The Book of Cats addresses the wild, popular fears regarding cats—rumors flying that their scratches were venomous and that their breath sucked the life out of infants. In comparison to the smooth cut left from a knife, the thin scratch from a cat’s sharpened nail often festered, leading people to believe their claws were venomous, Ross explains. In addition to avoiding their claws, some would lose their wits at the mere sight of a cat. Conrad Gesner, a 16th-century botanist, documented men losing their strength, perspiring, and fainting when they saw a cat. A few have reportedly fainted after seeing a picture of a cat.
One of the most ridiculous accounts, according to Ross, were of cats accused of killing babies by stealing their breath. In 1791, the Annual Register published a story of an 18-month-old infant who died “in consequence of a Cat sucking its breath, thereby occasioning a strangulation.”
There were thousands of tales and numerous articles of the same vain, depicting cats as villainous, deathly creatures. However, Ross tries to clear up these rumors, quoting a friend and surgeon who stated that the anatomical formation of a cat’s mouth makes it impossible for it to suck a child’s breath. The surgeon proposed that if a cat were truly responsible, perhaps it’s feasible for it to lie over an infant’s mouth for the warm exhalations.
Beyond erratic fears, others believed cats had supernatural powers and psychic abilities. The Chinese reportedly used to peer into cats’ eyes to determine the time, while the playfulness of cats is said to indicate an approaching storm, Ross writes.
“I have noticed this often myself, and have seen them rush about in a half wild state just before windy weather.” People postulated that cats felt an irritation under the skin when it was about to rain, showing discomfort and unease.
He also details a method to feel shocks from a black cat, which were said to be highly charged with electricity. To produce the effect, he instructs the reader to place one hand on a black cat’s throat, while running the other down its back. One should then be able to feel the electric shocks on the hand on the cat’s throat.

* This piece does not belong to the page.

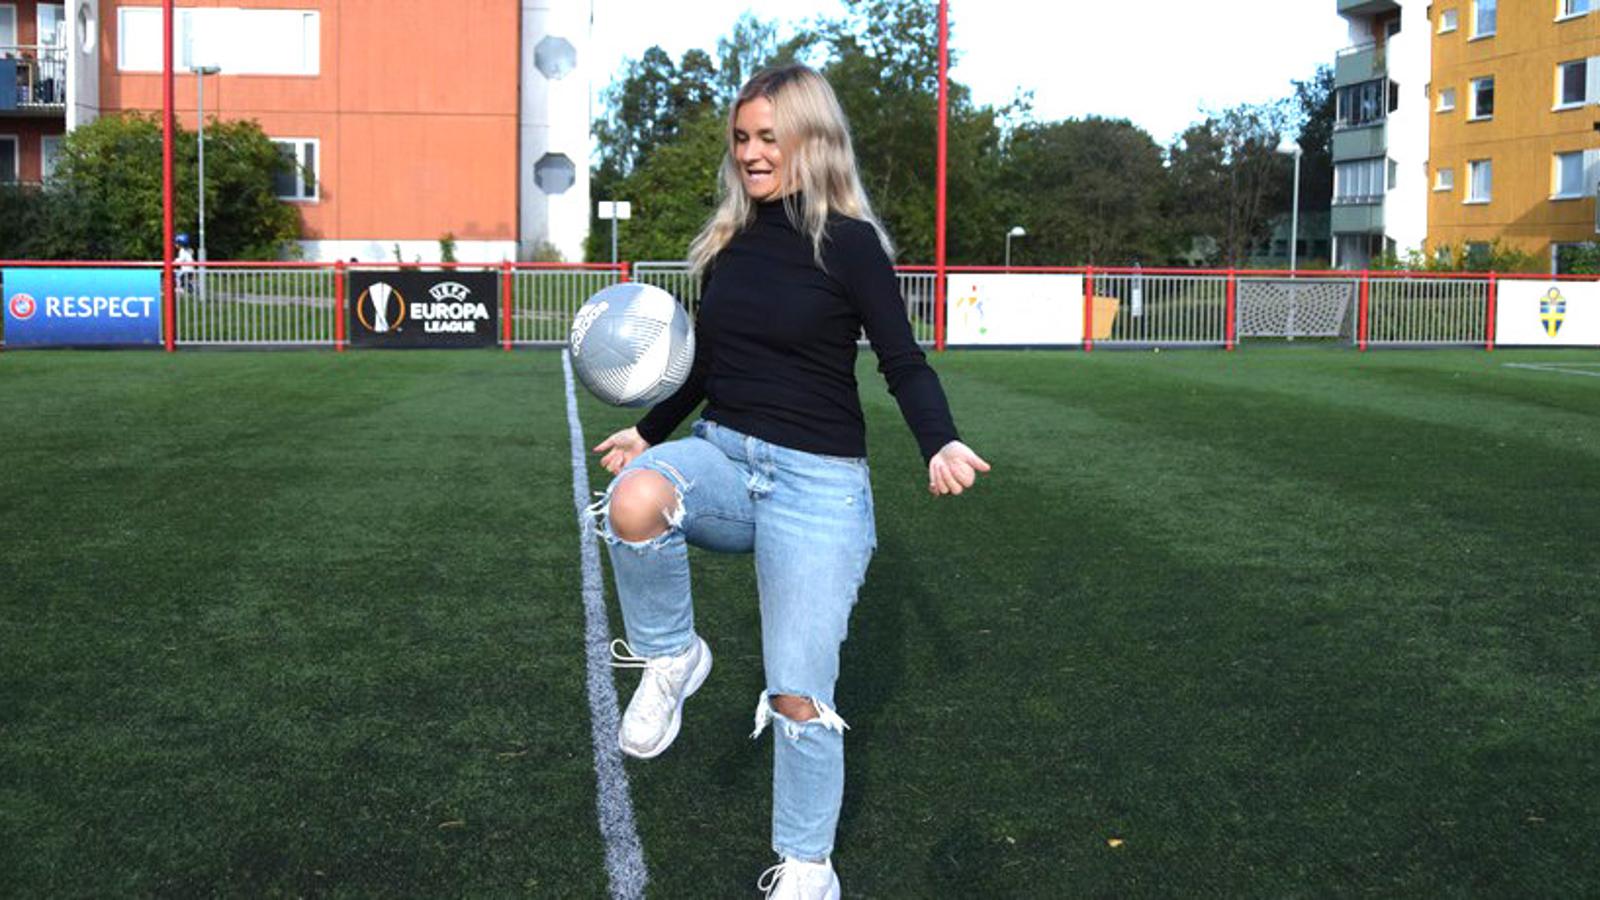 Julia Adolfsson på en fotbollsplan. Hon kickar en fotboll med ena knät.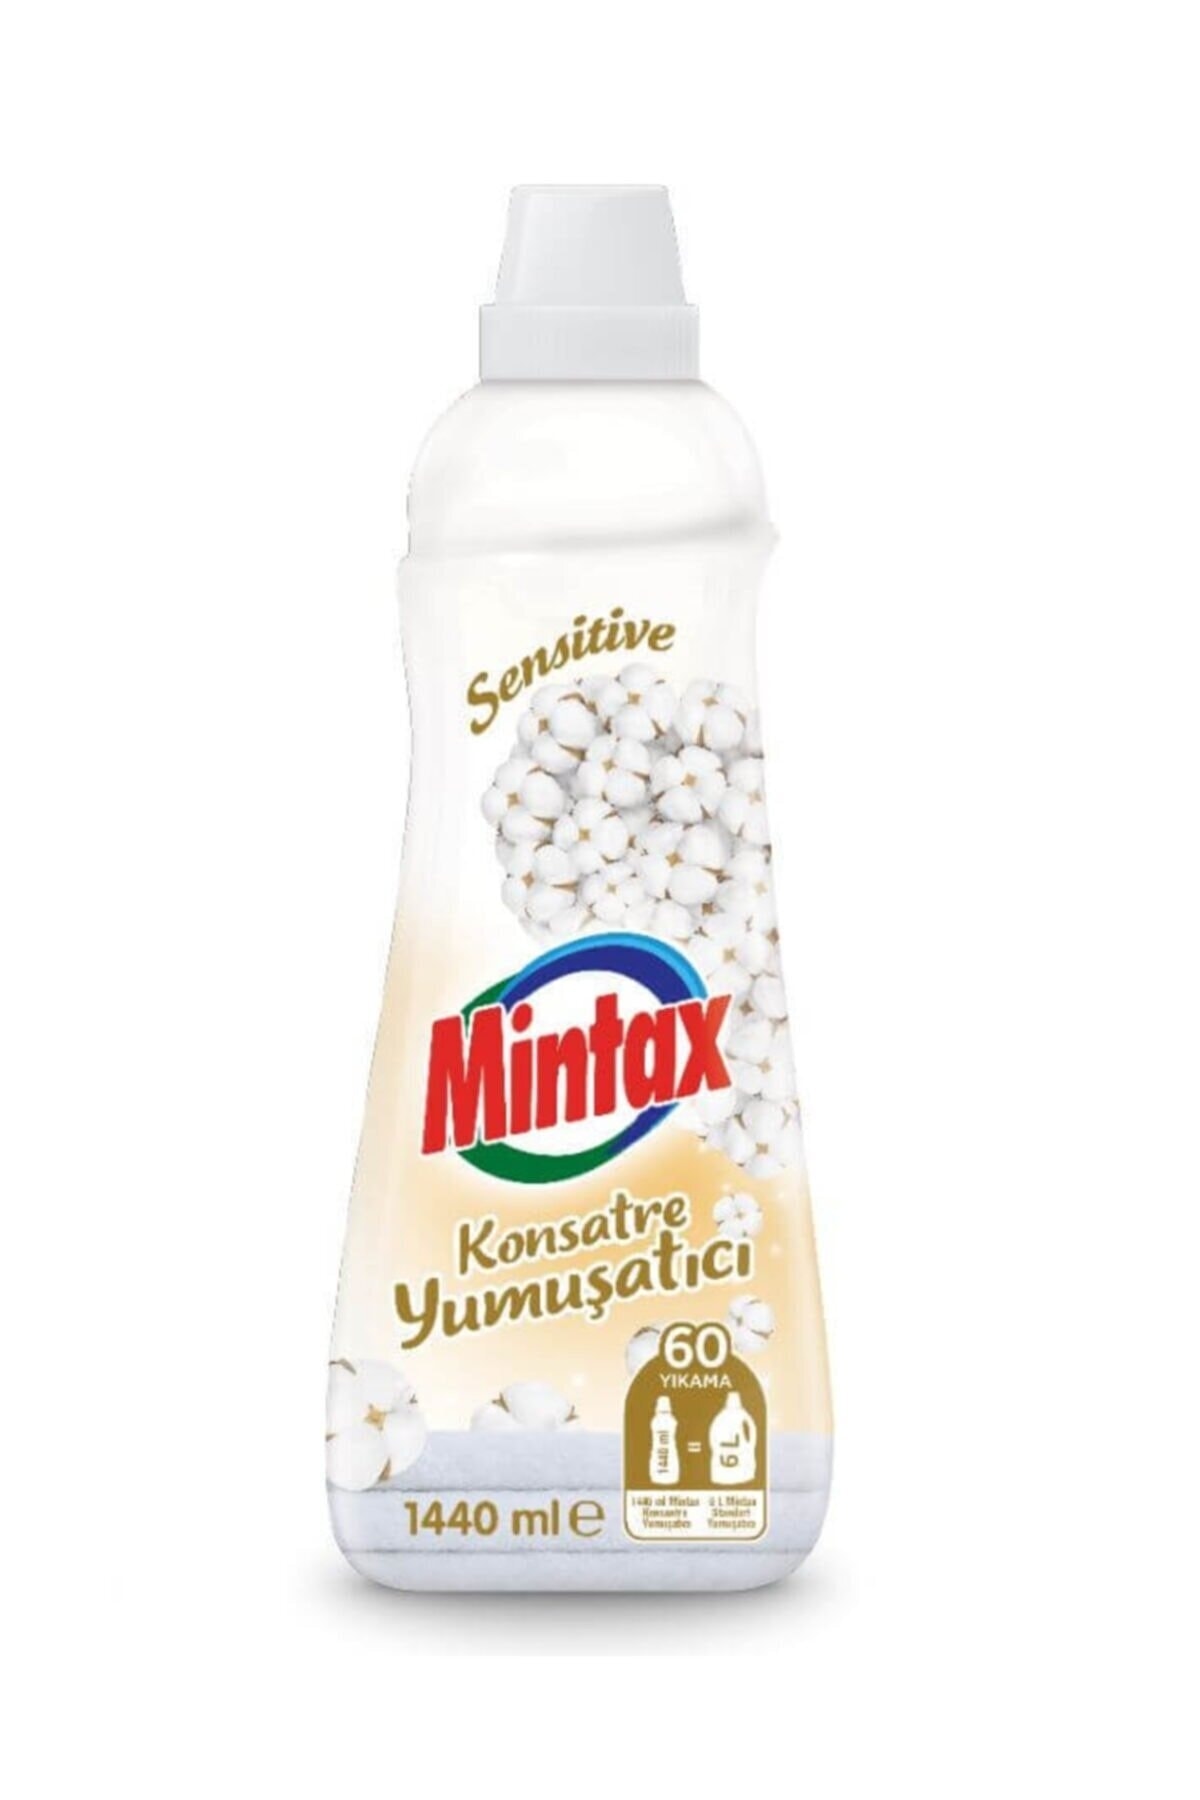 Mintax Sensitive Yumuşatıcı 1440 ml

Feline powers were also thought to help cure illnesses. Those who suffer from rheumatism often felt an improvement in their condition in the presence of a cat. There was a saying that collecting three drops of blood taken from under a cat’s tail, mixing it with water, and drinking it would cure epilepsy. Others thought the brain of a cat could cast someone under a love spell if taken in small doses.
The term “cat” was an integral part of 1800s language, with Victorians often referring to the animal in slang and proverbs. For example, “cat o’ nine tails” was the colloquial name for a kind of whip that branched into nine knotted cords. Used as a form of military punishment on soldiers and sailors, the whip produced lashes on the back that looked like claw marks. Salt miners used to call common granulated salt “cat-salt,” while the catkin flower got its name from the Dutch who thought the hanging rope shape was similar to a kitten’s tail. Not all cats are afraid of water—there was even a type of Norwegian ship called a cat, Ross says.

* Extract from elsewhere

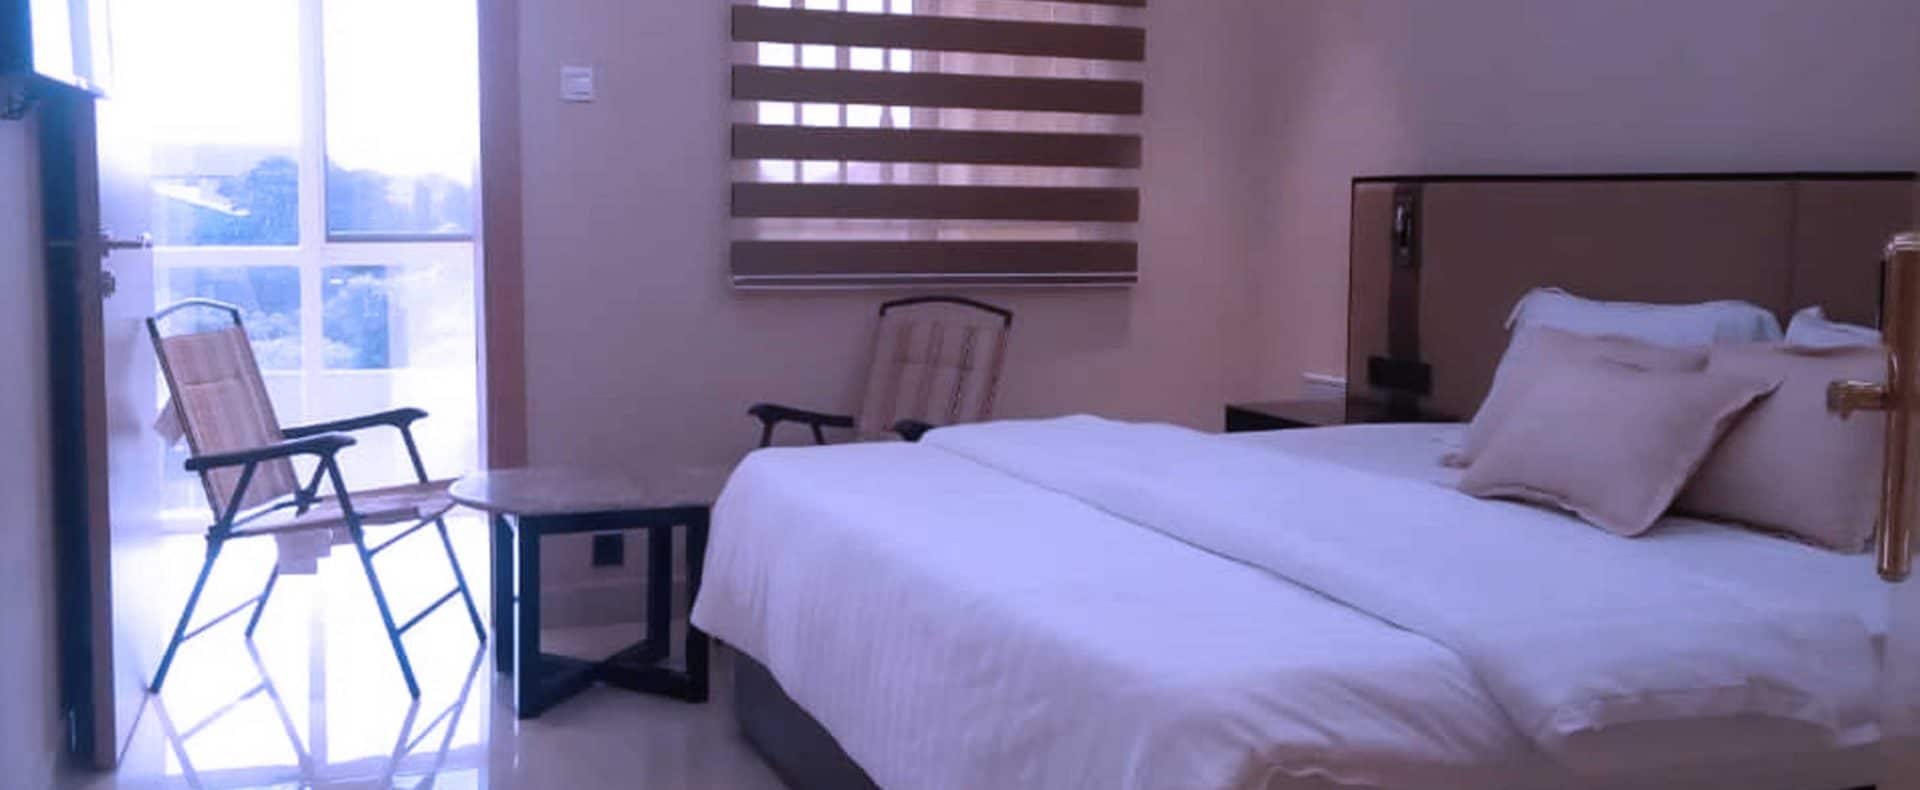 Hotel Exchequer Room In Owerri Nigeria

When someone was caught playing a trick, they may plea “cry you mercy, killed my cat!” to try and escape punishment. The French also had proverbs about cats, such as “elle est friande comme une chatte,” which means “she’s as dainty as a cat.”
Ross went to great lengths to clear up the cat’s reputation. Little is known about how many copies circulated of The Book of Cats or how receptive people of the 1800s were to Ross’s argument. While many of these superstitions and legends seem outlandish today, it reflects Victorians’ fascination with one of our most beloved domestic animals—in addition to their mystery.